The Motel Room [short]

Length: 378 words

Mom once asked me whom I wanted to be when I grew up and I said, Dad, and she said, Anyone else?

We had checked into a cheap motel, sitting around a cheap plywood table on cheap chairs that squeaked under pressure surrounded by cheap veneer walls. The microwave hummed as it cooked our frozen dinners. Every machine had its own hum like they had all forgotten the room’s lyrics. Stalactites of gum drooped from under the table. I remember being so fascinated by the people who left these treasures behind. I wanted to eat them but Mom said no.

She was in a bad mood, pulling Salisbury Steak and Mac ‘n Cheese dinners from the microwave, tossing it on the table and falling face-first onto the bed like a toppled scarecrow. The pillows and sheets exploded above her, then fell down in a mix, hiding her, drawing her into another place.

The motel room had smelled like the wayward men that had looked at us at the weathered gas station in Tellview. The room smelled like that gas station’s bathroom: piss puddled on every white-turned-yellow tile, shit spattered on the porcelain, and black mildew warped on the ceiling boards. The room smelled, and Mom didn’t notice.

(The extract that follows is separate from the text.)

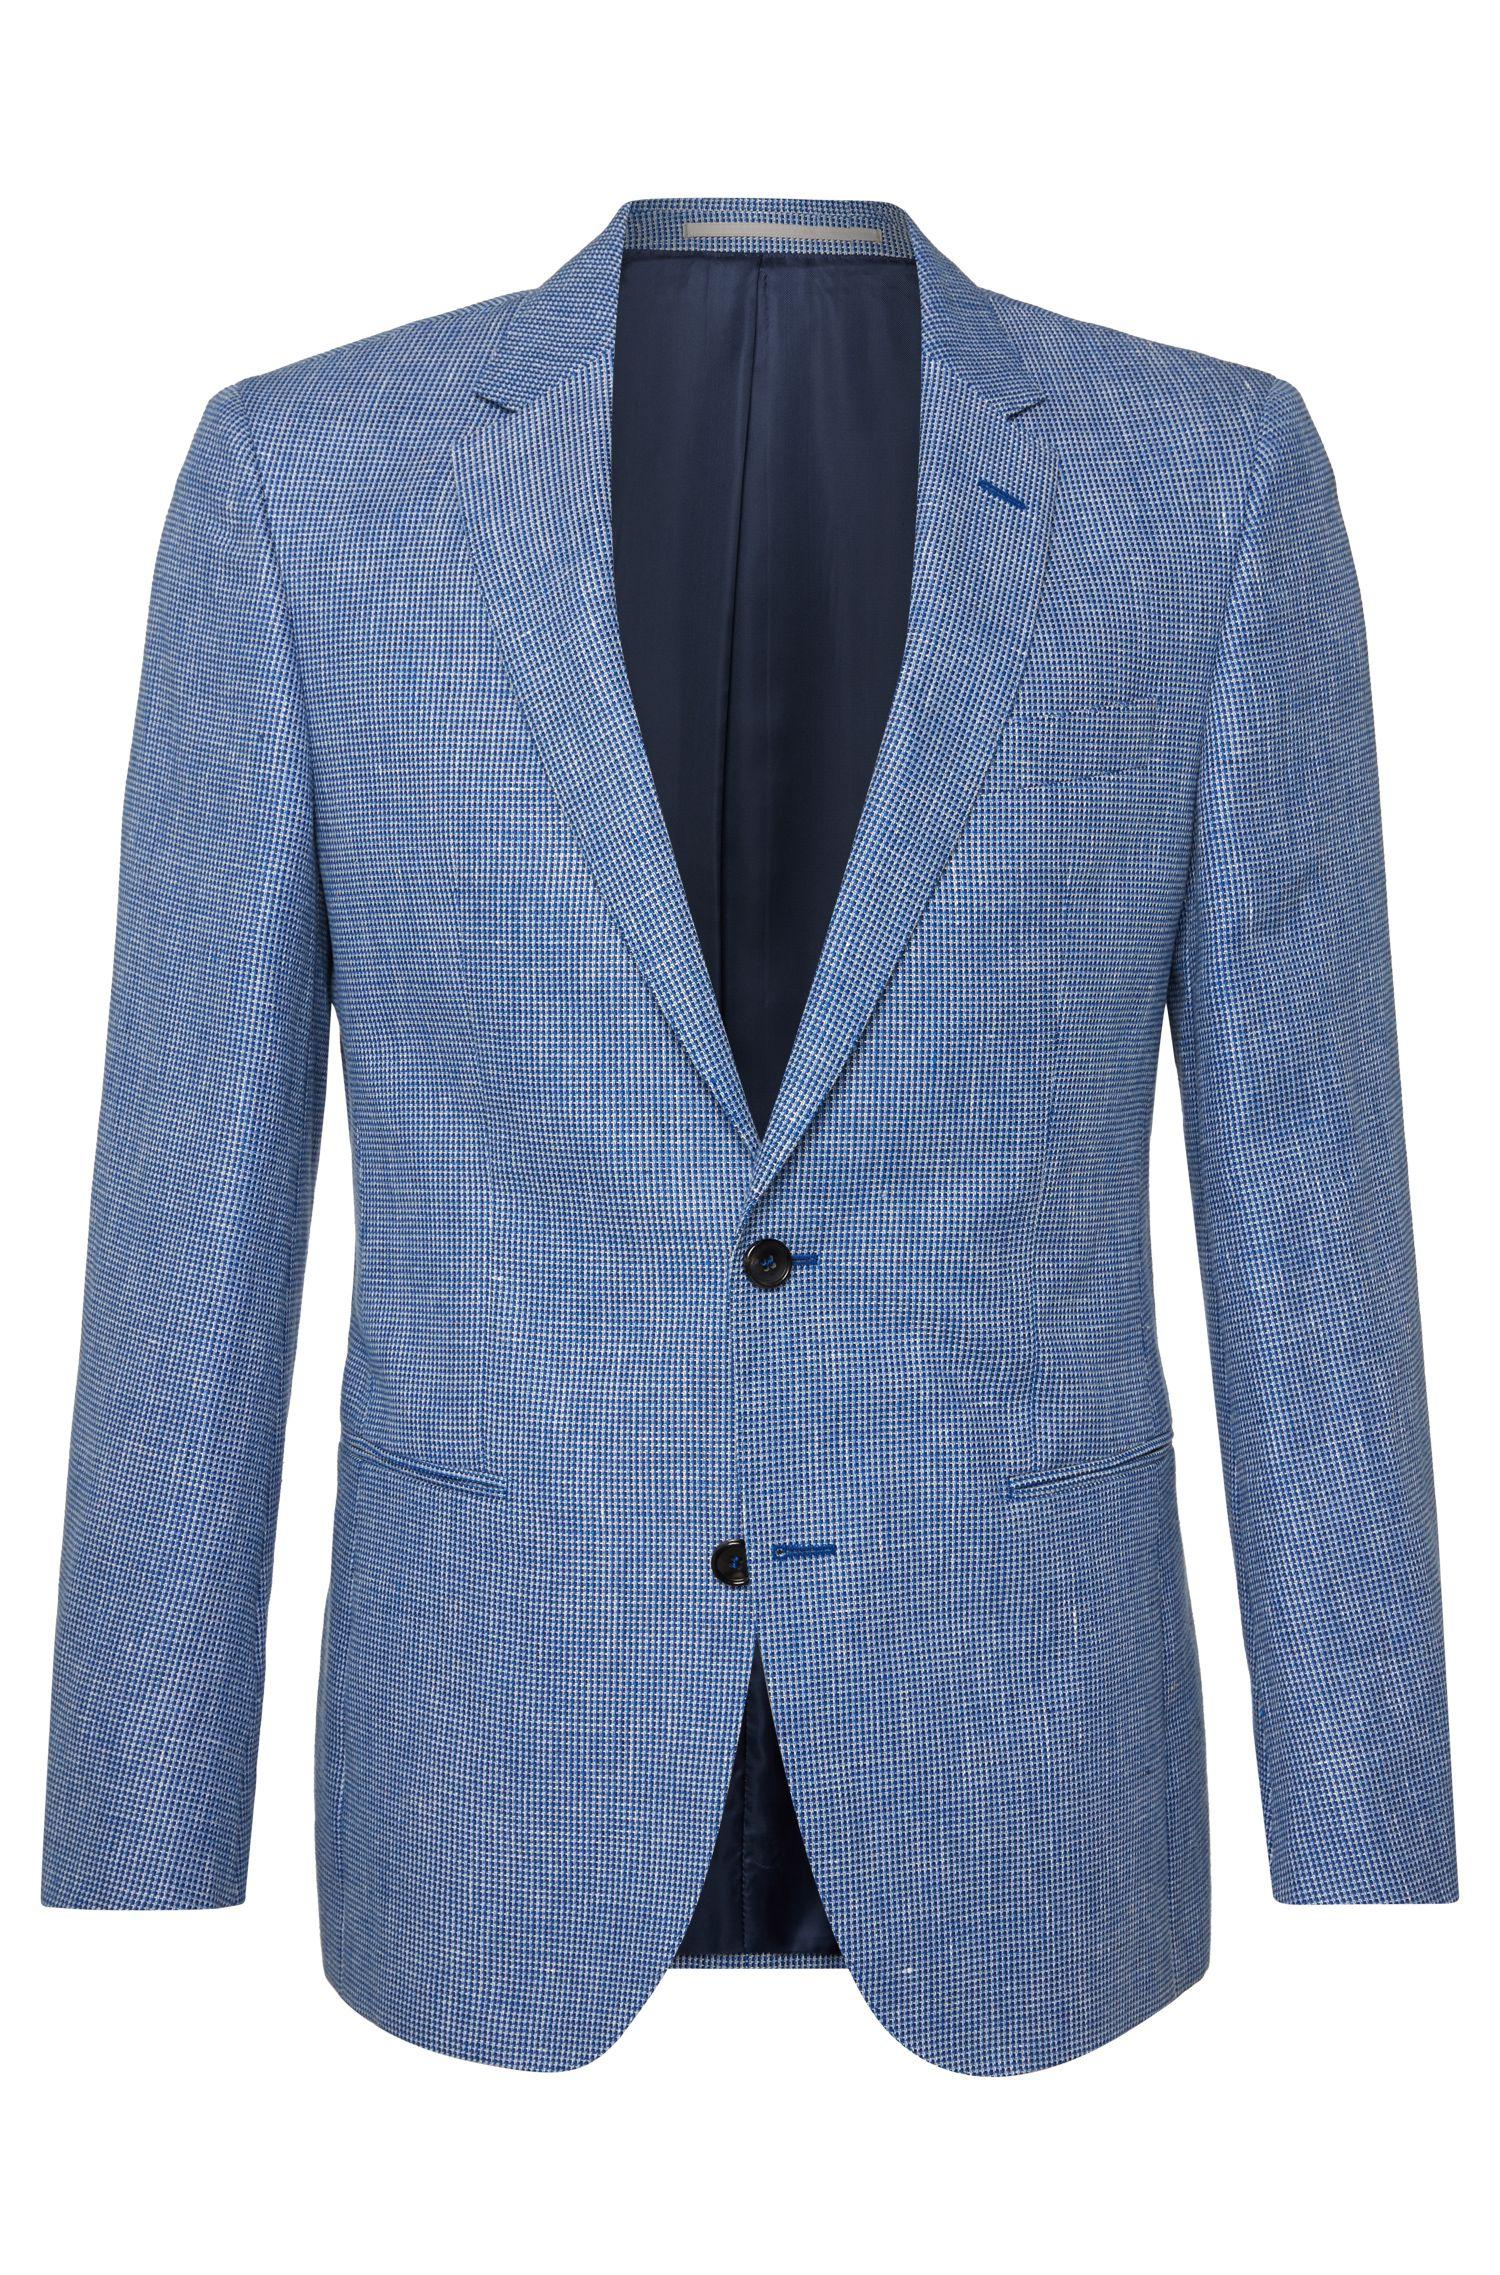 'T-Hale' | Slim Fit, Italian Linen Cotton Sport Coat

I had gingerly tugged at the steaming plastic wraps, hot vapors washing over my hand as I revealed the mushy and globular contents of my dinner and I said, Are you okay, Mom?


I’m sorry that you’re not okay.

It’s not your fault. She sighed and the bed sighed with her. It was swallowing her whole.

Are you mad at me?

I’m not mad at you.

You’re mad at Dad? Did he do something bad?


Is Dad bad?

Another sigh. The springs groaned. No, he just hasn’t figured out how to be good.

He’s not good?

Good at being not good.


She rose from her grave of lumpy pillows and red-flowered sheets. She was tired. It looked like she was using the last of her life to pull herself from that pit. Hon, you can be your father if you want. I suspect once you know enough about the way the world works, you’ll make the decision for yourself anyway. She dropped and never quite got back up.